Neither branch dominated everywhere.

  • Model A was good at solvent similarity
  • Model B was good at robustness under limited folds

So I blended them:

\[ P = w_A \cdot P_A + (1-w_A)\cdot P_B \]

Instead of tuning endlessly, I used a simple “sanity pipeline” to evaluate a small set of candidate weights. This approach produced stable improvements without overfitting.

In my final runs, I used:

  • a lower weight for Model A in the single-solvent task
  • a higher weight for Model A in the mixture task
    because mixture symmetry + solvent vector interpolation mattered more.

Experiment diary: what I tried (and what I learned)
#

✅ What improved performance
#

  • enforcing mixture symmetry (swap augmentation)
  • keeping representations compact (SVD / filtering)
  • per-target blending (some targets benefit from different bias–variance tradeoffs)
  • respecting the competition CV design (not optimizing on the wrong split)
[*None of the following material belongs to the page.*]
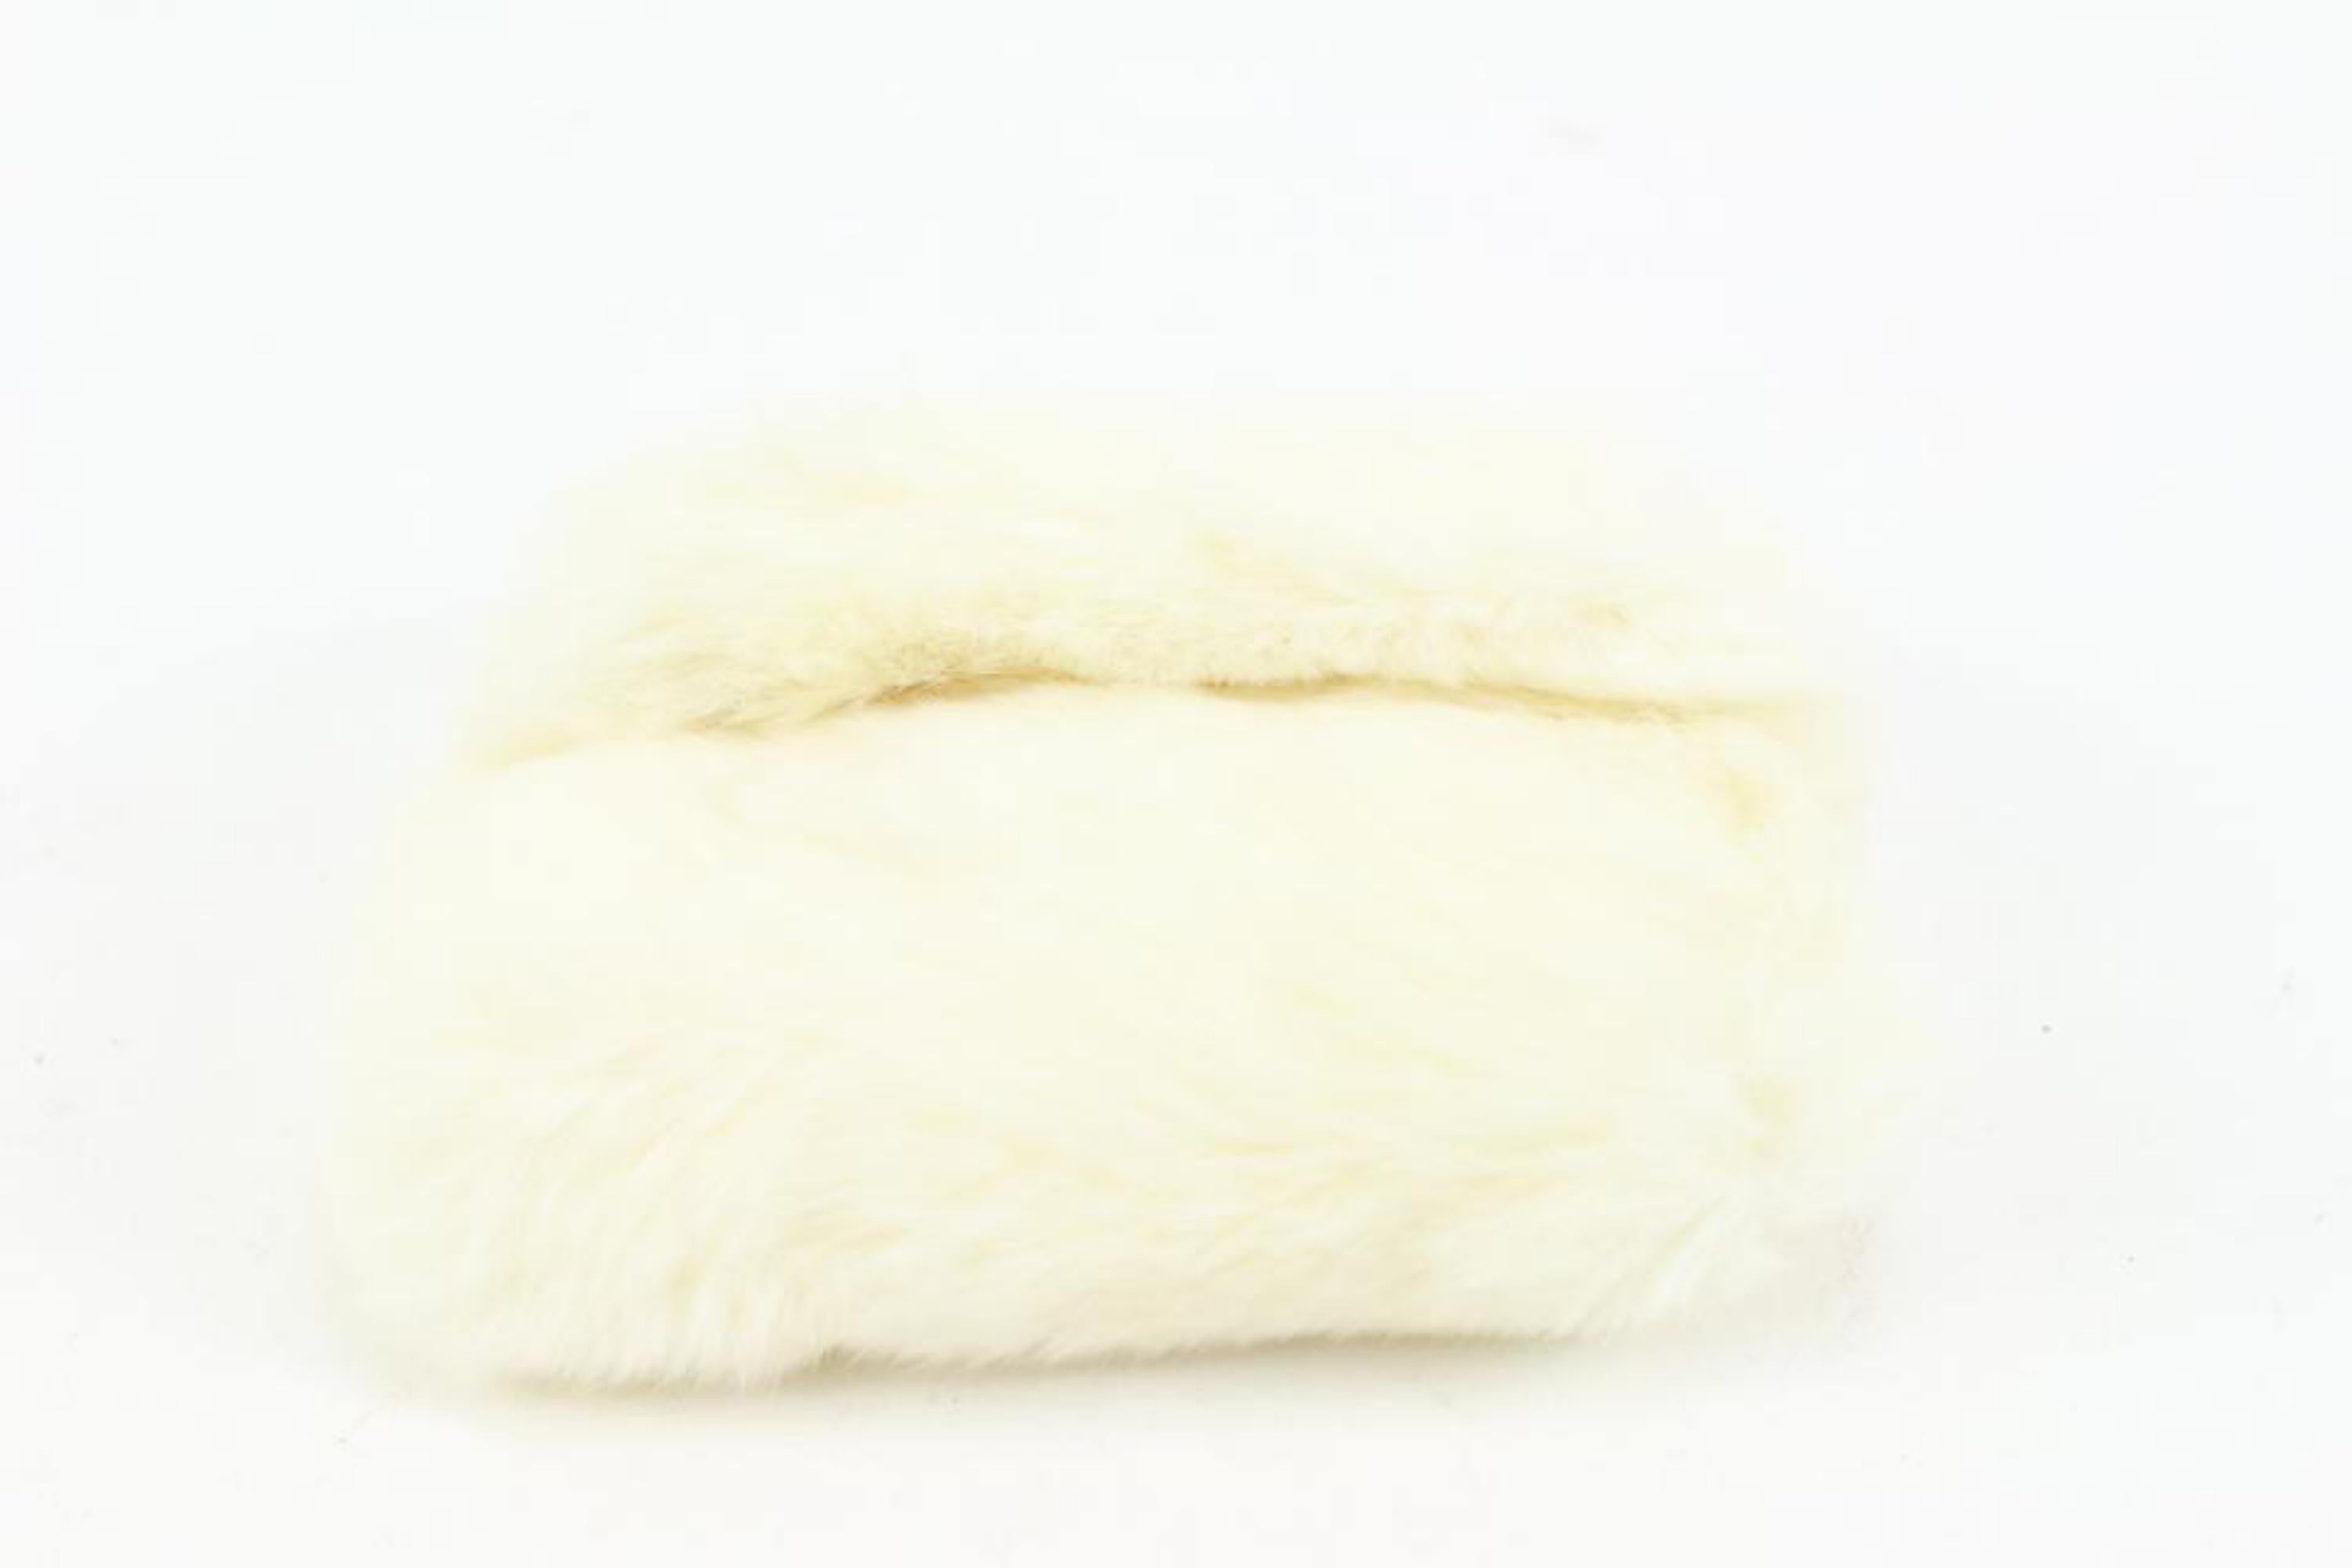 Chanel White x Black CC Rabbit Fur Wrist Band Bracelet s331ck41 For Sale 2

❌ What failed (and why it was useful anyway)
#

  • too many descriptors without pruning (especially Mordred)
    → higher variance and unstable folds
  • heavy hyperparameter search
    → “local improvements” that did not survive the real CV protocol
  • using one model for everything
    → different targets respond differently to bias and noise

Engineering constraints: making everything submission-compatible
#

The competition notebook required one strict rule:

the last three cells must match the official template,
and only the model = ... line is allowed to change.

That forced me to treat reproducibility as part of the solution:

  • no hidden dependencies
  • predictable training per fold
  • stable feature construction
  • careful CPU runtime management

I also hit realistic “research engineering” bugs — such as dtype mismatches between Float32 and Float64 in PyTorch — which reminded me that getting the pipeline to run reliably is a scientific contribution on its own.


Final outcome (and why I’m satisfied)
#

My best submission reached:

  • rank ~26 / 227
  • strong mean RMSE under the official evaluation protocol

But what mattered more than the rank was the scientific clarity I gained:

In small-data scientific ML, performance comes from respecting structure:
chemistry representations, symmetry, and honest evaluation.


References
#


Closing note
#

This benchmark was one of the most educational projects I have done recently, because it rewarded scientific thinking more than “bigger models”.

It was a reminder that machine learning, when applied to chemistry, works best when we treat representation, invariance, and evaluation as first-class citizens — not afterthoughts.